A student in Genoa pursuing a medical career, Gino was drafted into the Italian Army in 1941, the same year his father died. He was a gymnast at school and kept his enthusiasm for the sport.

“He was thinking of putting up parallel bars on the roof at 144 Houston but he decided it was too dangerous — a mistake could send you over the edge,” Andrew said.

After the war, Gino went to England where he worked in a jelly factory and lived in a boarding house near London.

“He used to talk about the tough boiled rabbit that the landlady served for dinner,” said Andrew.

Gino arrived back in his native country in 1956 and lived with an aunt in the Village, where he met his future wife, Romana Marin, an immigrant from Asolo, a small town near Venice.
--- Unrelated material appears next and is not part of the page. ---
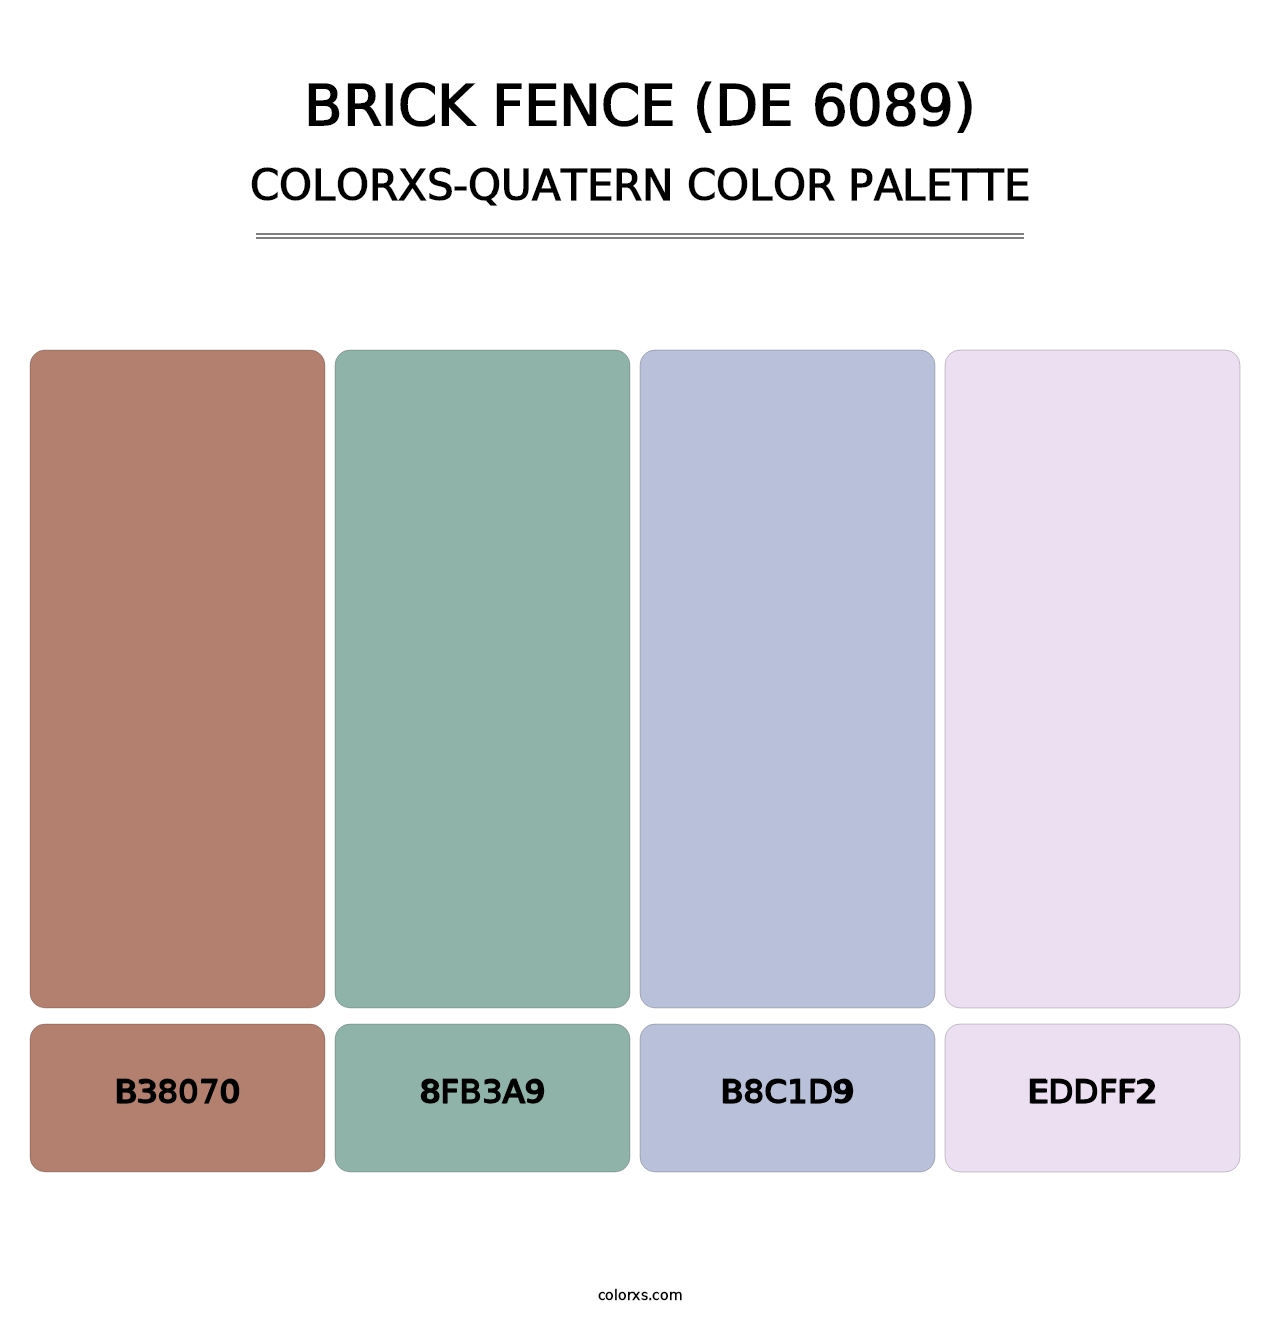 Brick Fence (DE 6089) - Colorxs Quatern Palette

“I met him in the Peacock Caffe on W. Fourth St. a few months after I arrived in this country,” his widow said. They got married in 1957.

Gino worked for the Rockefeller Center branch of Banca Nazionale del Lavoro, an Italian bank, for several years but bought into the family business in 1972 when a cousin, Ray Raffetto, retired.

Gino ran the business with another cousin, Angelo Raffetto, who died in 1978, and continued in charge until 1990, when his two sons, who had worked in the store since they were boys, took over. But he continued to participate in the concern for another two years. Raffetto’s moved its pasta manufacturing operation to Leroy St. in 1992 and moved it again to New Jersey when the company sold its Leroy St. property.

“We’ll never leave this place,” said Andrew in an interview last week at 144 W. Houston St.

A cousin, Father Luca Marin, a Scalabrinian priest stationed in Paris, came to New York to lead a private funeral Mass on May 29 at a chapel in Perazzo Funeral Home, 199 Bleecker St.